Re: [LSF/MM/BPF TOPIC] Measuring limits and enhancing buffered IO

Linus Torvalds <torvalds@xxxxxxxxxxxxxxxxxxxx> · Sat, 24 Feb 2024 15:40:48 -0800

On Sat, 24 Feb 2024 at 14:58, Chris Mason <clm@xxxxxxxx> wrote:
>
> For teams that really more control over dirty pages with existing APIs,
> I've suggested using sync_file_range periodically.  It seems to work
> pretty well, and they can adjust the sizes and frequency as needed.

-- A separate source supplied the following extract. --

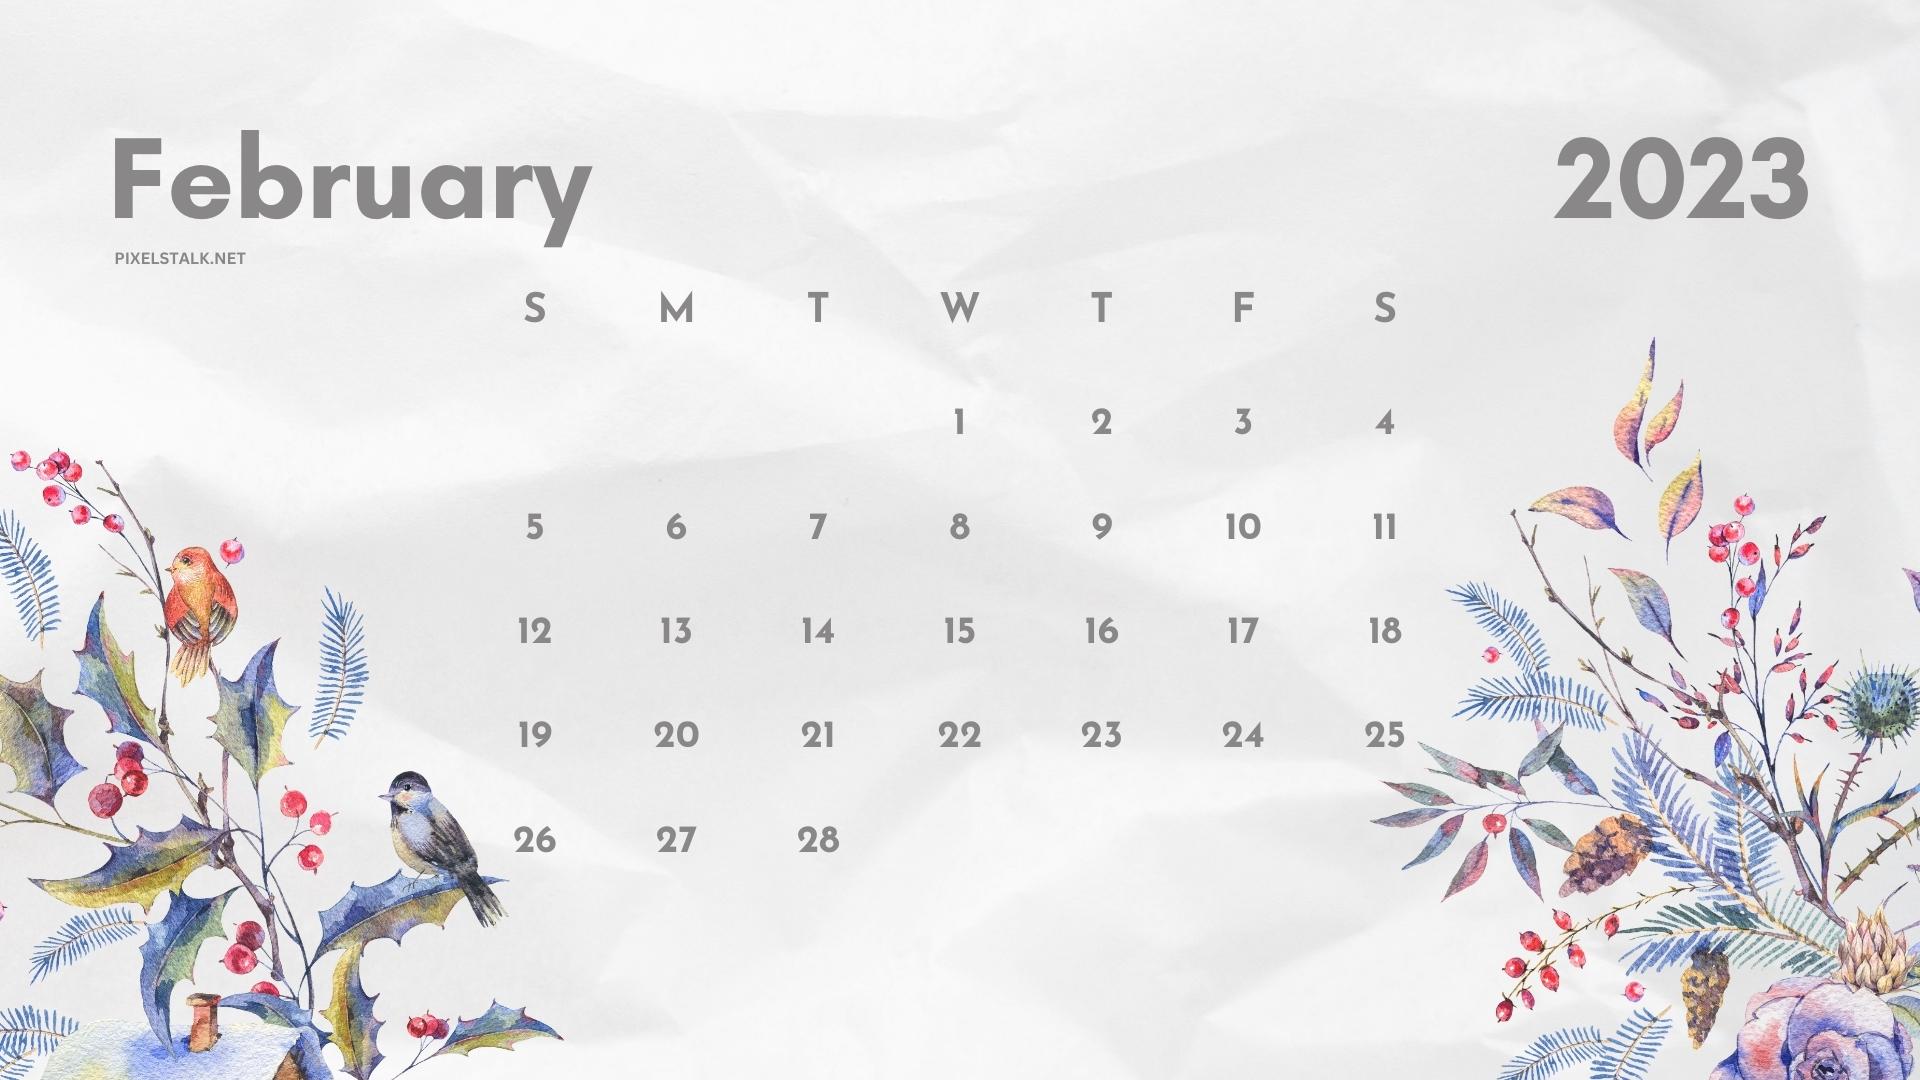 February 2023 Calendar Desktop Wallpapers  PixelsTalkNet

Yes. I've written code like that myself.

That said, that is also fairly close to what the write-behind patches
I pointed at did.

One issue (and maybe that was what killed that write-behind patch) is
that there are *other* benchmarks that are actually slightly more
realistic that do things like "untar a tar-file, do something with it,
and them 'rm -rf' it all again".

And *those* benchmarks behave best when the IO is never ever actually
done at all. And unlike the "write a terabyte with random IO", those
benchmarks actually approximate a few somewhat real loads (I'm not
claiming they are good, but the "create files, do something, then
remove them" pattern at least _exists_ in real life).

For things like block device write for a 'mkfs' run, the whole "this
file may be deleted soon, so let's not even start the write in the
first place" behavior doesn't exist, of course. Starting writeback
much more aggressively for those is probably not a bad idea.

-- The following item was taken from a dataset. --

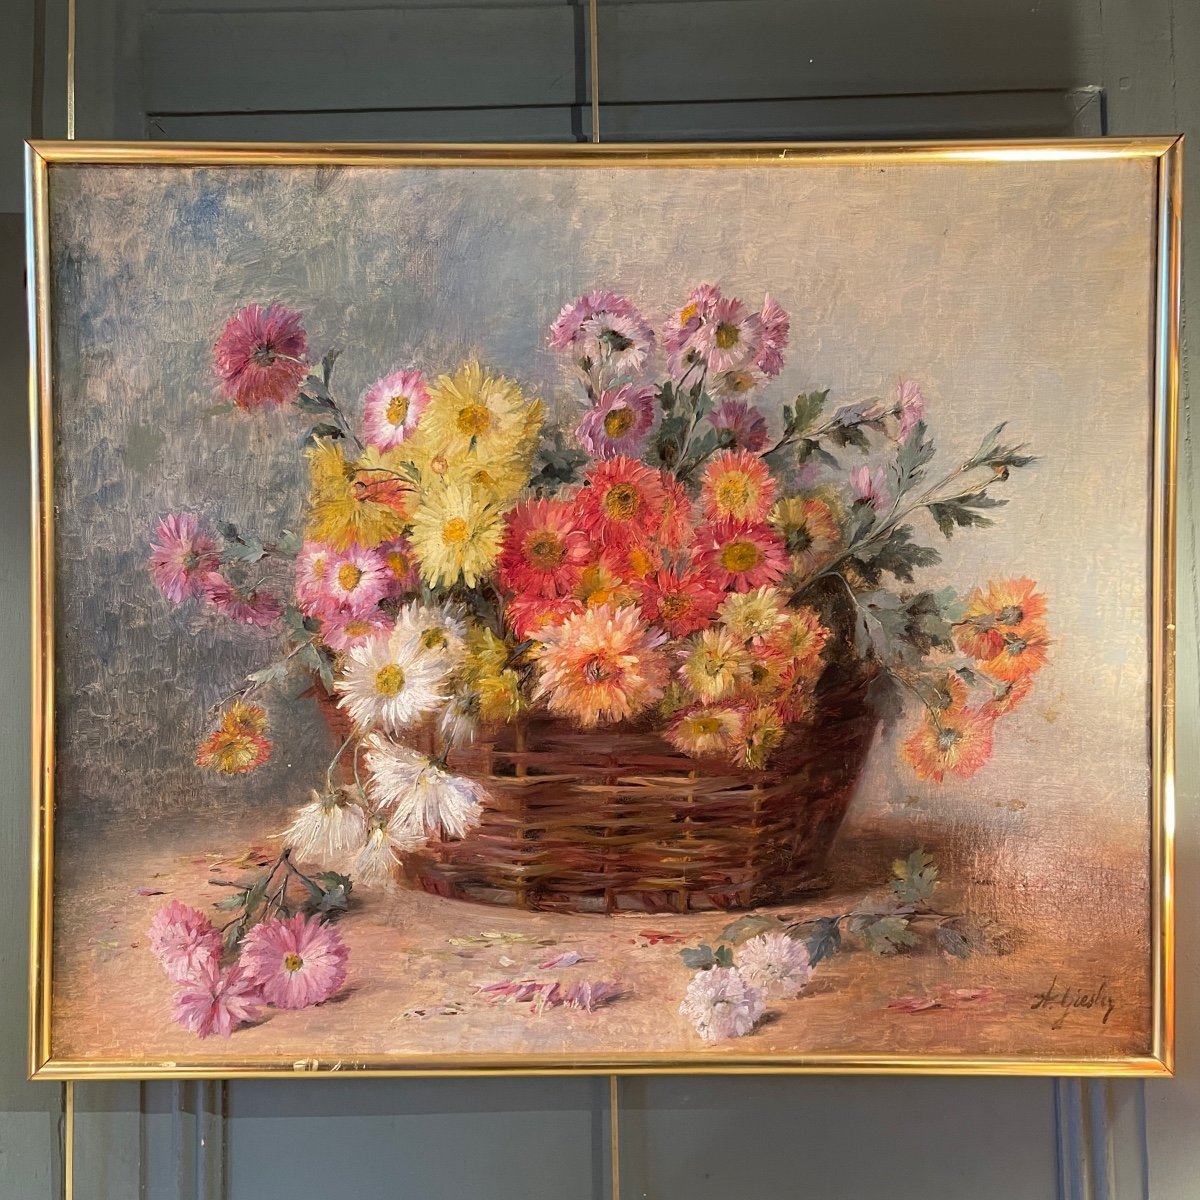 Bouquet Of Flowers In A Basket

> From time to time, our random crud that maintains the system will need a
> lot of memory and kswapd will saturate a core, but this tends to resolve
> itself after 10-20 seconds.  Our ultra sensitive workloads would
> complain, but they manage the page cache more explicitly to avoid these
> situations.

You can see these things with slow USB devices with much more obvious
results. Including long spikes of total inactivity if some system
piece ends up doing a "sync" for some reason. It happens. It's very
annoying.

My gut feel is that it happens a lot less these days than it used to,
but I suspect that's at least partly because I don't see the slow USB
devices very much any more.

> Ignoring widly slow devices, the dirty limits seem to work well enough
> on both big and small systems that I haven't needed to investigate
> issues there as often.

One particular problem point used to be backing devices with wildly
different IO throughput, because I think the speed heuristics don't
necessarily always work all that well at least initially.

And things like that may partly explain your "filesystems work better
than block devices".  It doesn't necessarily have to be about
filesystems vs block devices per se, and be instead about things like
"on a filesystem, the bdi throughput numbers have had time to
stabilize".

In contrast, a benchmark that uses soem other random device that
doesn't look like a regular disk (whether it's really slow like a bad
USB device, or really fast like pmem), you might see more issues. And
I wouldn't be in the least surprised if that is part of the situation
Luis sees.

              Linus